Milk allergy is the most common type of allergy in young children, which is explained by the early introduction of cow's milk into the diet of infants (eg cereals or mother's milk substitute). About 2-5% of Norwegian babies (0-3 years old) suffer from this type of allergy.
Diagnosis
In order to determine the presence of a milk allergy, the doctor must read the patient's medical history, as well as take a blood test for the presence of allergic antibodies and a Pirquet test. Not all milk allergy sufferers will show positive results from these tests. This is especially true for infants with symptoms such as vomiting, diarrhea, or blood in the stool. The only reliable way to find out if milk causes these symptoms is to eliminate milk from the diet for a period of time. When in doubt, reintroduce it back into the diet and see if symptoms return. For children who have not received milk for some time due to allergies, a control test using cow's milk should be performed to ensure that there is no allergic reaction.
Predictions
Generally, cow's milk allergy has a fairly good prognosis. Most of the children get rid of it before reaching school age. Babies who have had negative test results are often allowed to resume milk intake after half a year or a year. It is not known how many adults suffer from milk allergy, but it is estimated that this number does not exceed one percent of the population.

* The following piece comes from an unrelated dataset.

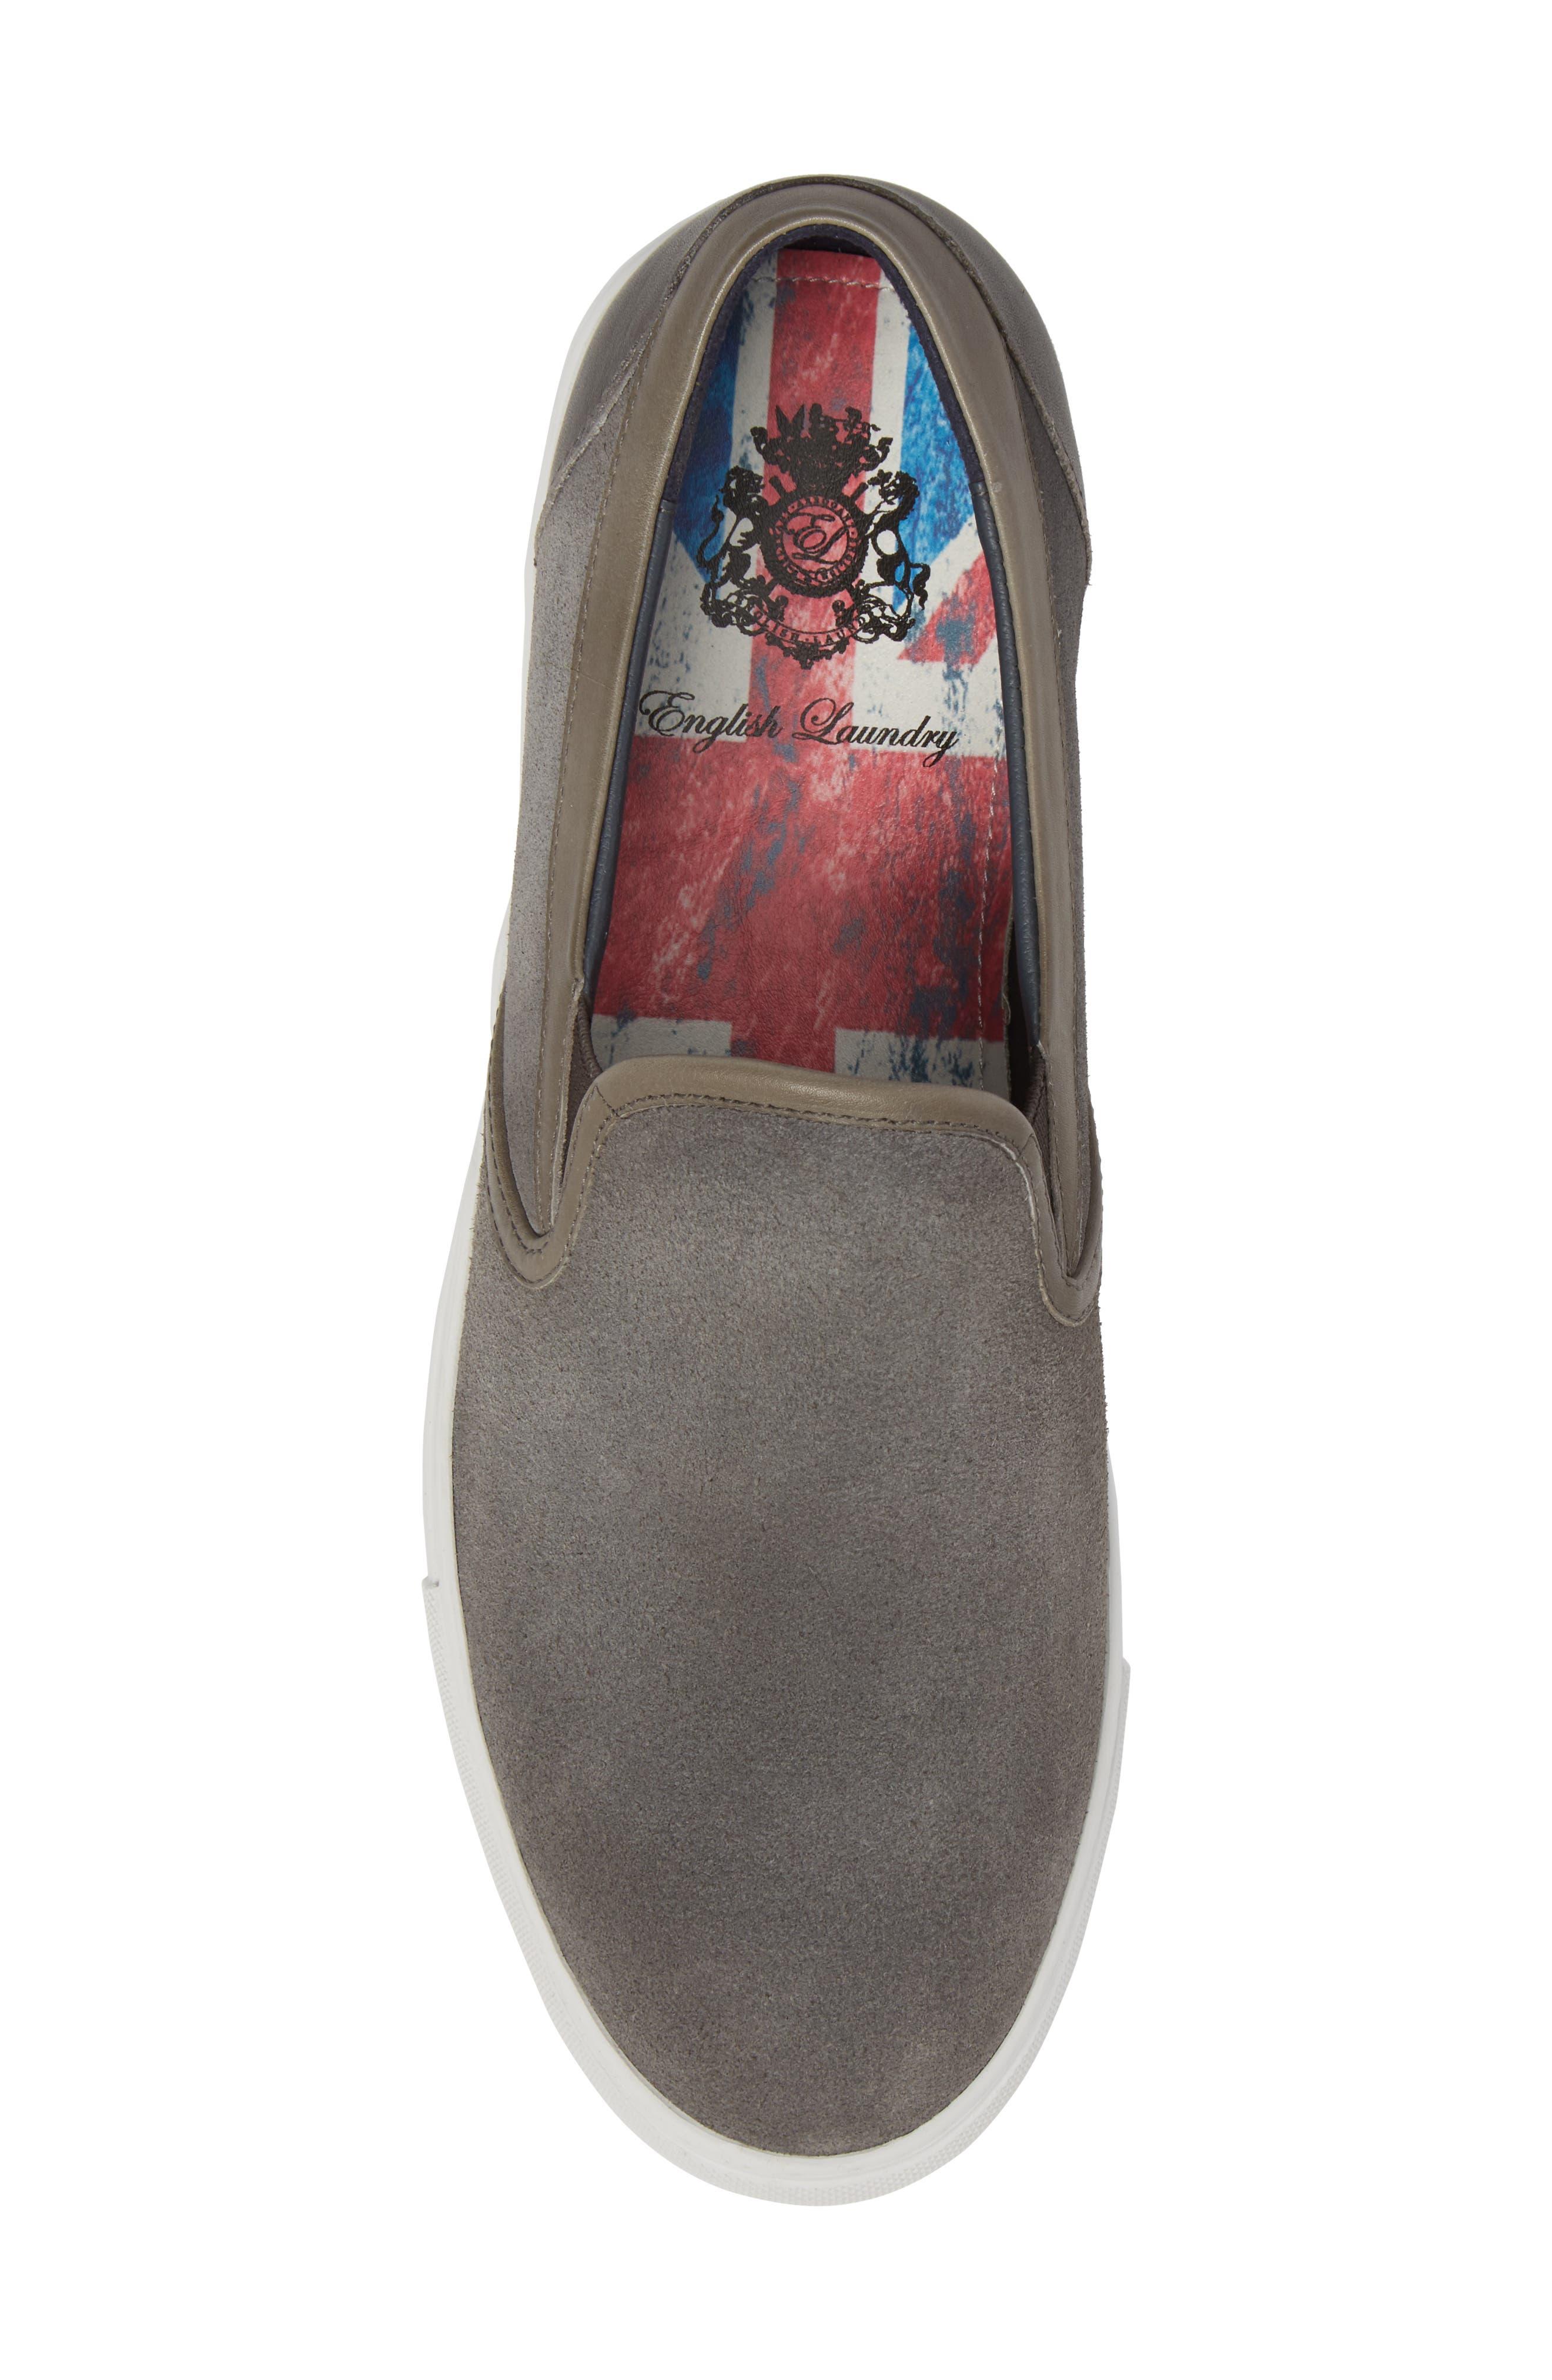 Vane Slip-On Sneaker,                             Alternate thumbnail 5, color,                             GREY SUEDE/ LEATHER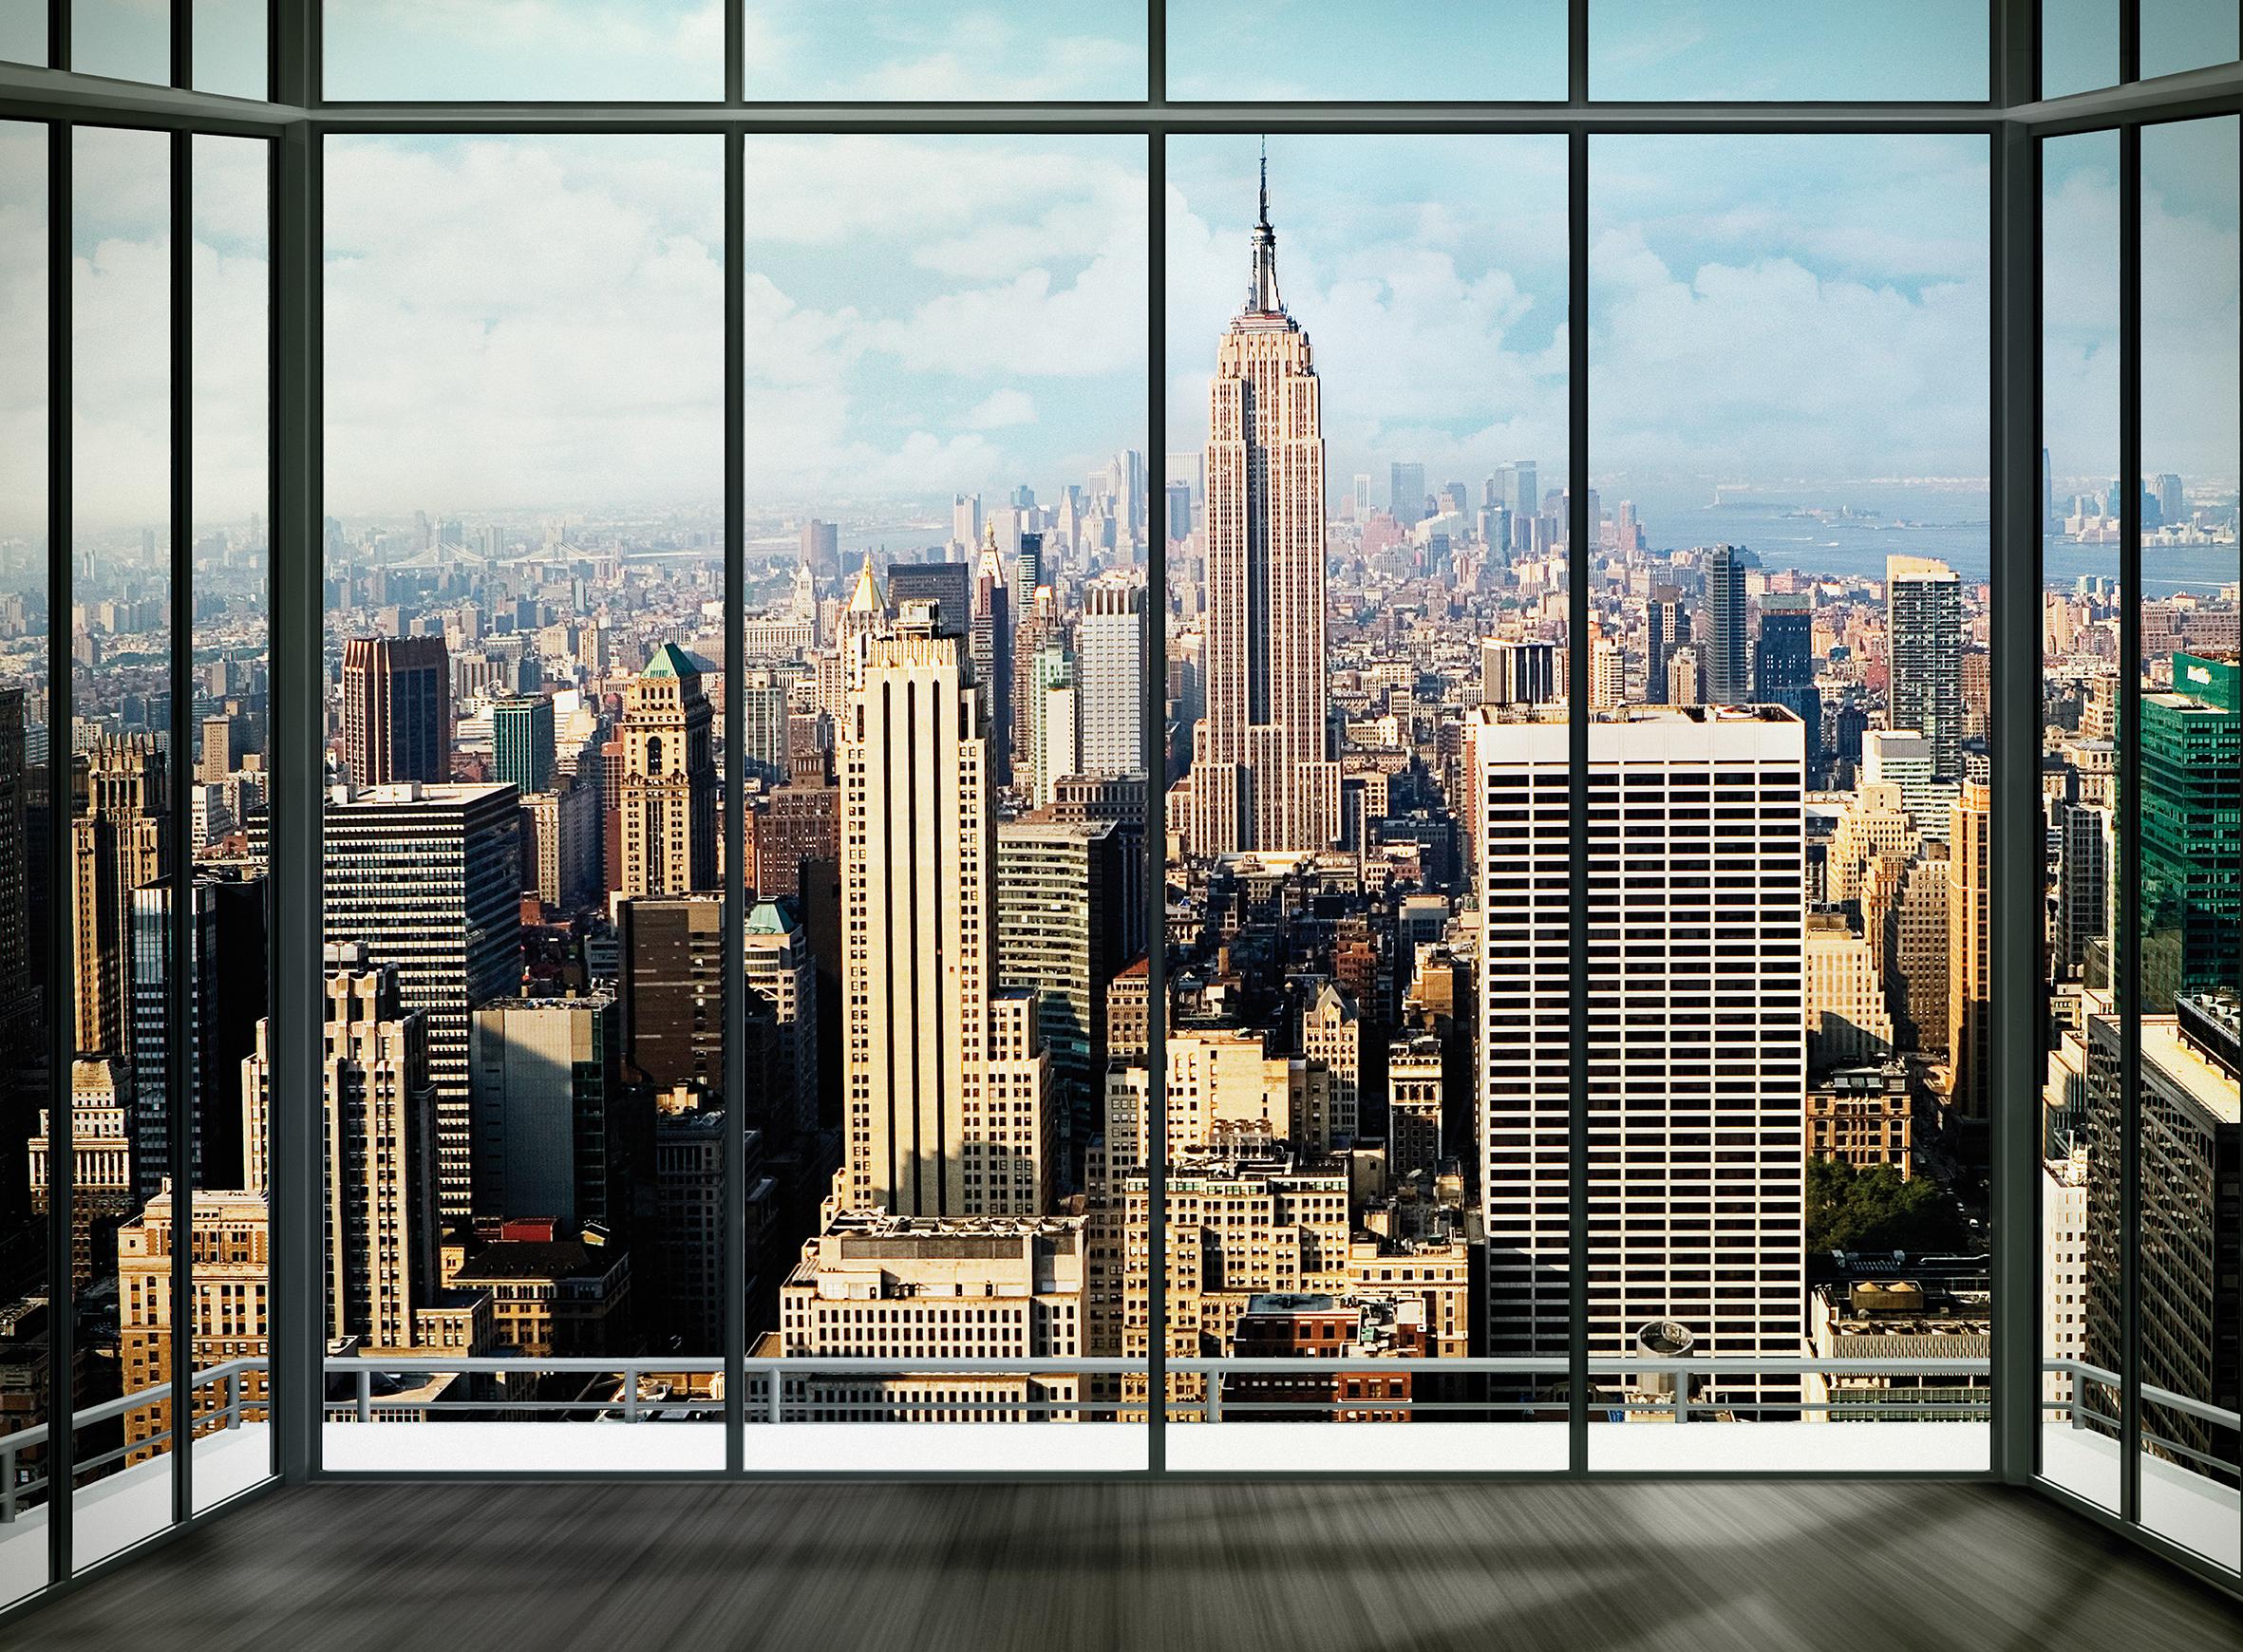 Wall Mural New York Skyline Window Wallsorts 2362x1740

Where is milk protein found?
Milk is found in many processed and prepared industrial foods. Therefore, when buying a product, it is important to familiarize yourself with the list of substances contained in it. The goods declaration must list all ingredients containing milk. A certain group of words used in such lists indicates the content of milk protein in the product: butter, yogurt, yogurt powder.
Cocoa butter, lactic acids and group E substances do not contain milk protein.
Diet
Milk is an important source of nutrients in the Norwegian diet. 25% of the protein given to children, 70% of the iodine and about 70% of the calcium are obtained from dairy products. That is why, in cases of exclusion of dairy products from the diet, these products should be replaced with others that will provide the intake of the above nutrients.